Initial proposal for short-term release process

maidsafe · Jul 8, 2024 · 5f834dd · 5f834dd
1 parent d5ad3b6
commit 5f834dd
Showing 1 changed file with 325 additions and 0 deletions.
diff --git a/0001-short-term-release-process/0001-release-process-short-term.md b/0001-short-term-release-process/0001-release-process-short-term.md
@@ -0,0 +1,325 @@
+# Short-Term Release Process for Autonomi
+
+- Status: proposed
+- Type: enhancement
+- Related components:
+- Start Date: 2024-07-08
+- Discussion:
+- Supersedes:
+- Superseded by:
+
+## Summary
+
+This document intends to provide a detailed development and release process we can follow until the
+initial launch of the network in October/November. It will be based on short release cycles that
+will last about three weeks. After launch, the cycles would likely be at least double that length
+and could be quite different in detail.
+
+It should be clear that we deal here with processes for releasing code, but we don't go into any
+detail on how to deploy it. There are issues there we will also have to address, but those will be
+for another document.
+
+## Conventions
+
+Uncertainties are indicated using a `*` notation.
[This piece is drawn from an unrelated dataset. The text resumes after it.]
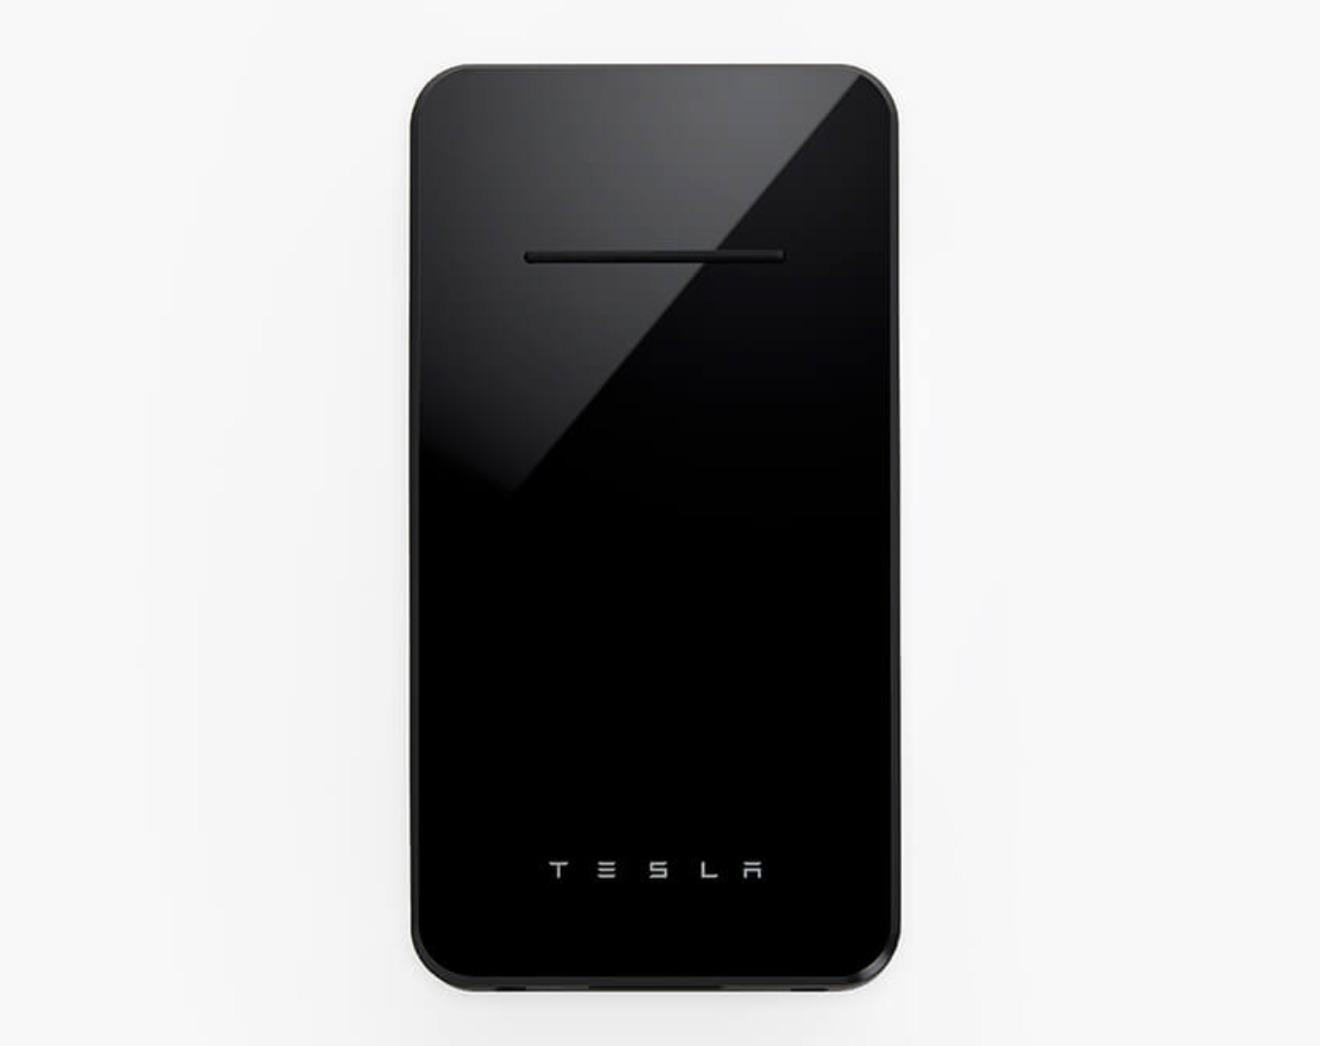 Tesla's charger

Rather than have a full `Unresolved Questions`
+section at the end, where applicable there is an `Uncertainties` list in each section.
+
+The use of `**` is to denote an idea that came from Shu's diagram/proposal.
+
+## Motivations
+
+So far, we have failed to arrive at a well-defined process for releasing our code. With launch
+imminent, it is my opinion that we've now run out of road for experimentation and we need to settle
+on an unambiguous process that we can execute without deliberation. Finalising this document should
+be a collaborative process in which we address any uncertainties rather than leaving them open for
+further experiment.
+
+## Detailed Design
+
+## Beta Release Cycles and Schedule
+
+This section provides guidelines for possible dates for each cycle until launch.
+
+### Wave 1
+
+Release and deployment for next wave:
+* Stable release and production deploy: 2024-07-08
+
+### Wave 2
+
+Live for users: 2024-07-09 / 825 people / 11 week comp / comp ends: 2024-09-27
+
+Three week development/release cycle:
+* Development begins 2024-07-08
+* Release candidate branch cut: 2024-07-22
+* Stable release and production deploy for wave 3: 2024-07-31
+
+### Wave 3
+
+Live for users: 2024-08-01 / 1000 people / 8 week comp / comp ends: 2024-09-27
+
+Three week development/release cycle:
+* Development begins 2024-08-01
+* Release candidate branch cut: 2024-08-15
+* Stable release and production deploy for wave 4: 2024-08-22
+
+### Wave 4
+
+Live for users: 2024-08-23 / 1000 people / 5 week comp / comp ends: 2024-09-27
+
+Three week development/release cycle:
+* Development begins 2024-08-22
+* Release candidate branch cut: 2024-09-05
+* Stable release and production deploy for wave 5: 2024-09-12
+
+### Wave 5
+
+Live for users: 2024-09-13 / 1000 people / 3 week comp / comp ends: 2024-09-27
+
+Three week development/release cycle:
+* Development begins 2024-09-12
+* Release candidate branch cut: 2024-09-26
+* Stable release and production deploy for launch: 2024-10-03
+
+This would perhaps take us to launch. At this point, we could consider setting our crate versions to
+`1.0.0`.
+
+## General Branching/Merging Techniques
+
+The chosen branching and release model is closely correlated with Gitflow. Gitflow is a mature model
+that has proven useful for projects that cannot operate using continuous delivery. [This](https://nvie.com/posts/a-successful-git-branching-model/) article originally defined the model. Reading it will help you familiarise yourself with the general concepts.
+
+In our setup, we would have two permanent branches, `main` and `stable`, where `main` is for
+day-to-day development and `stable` is essentially for tracking releases we consider deployable.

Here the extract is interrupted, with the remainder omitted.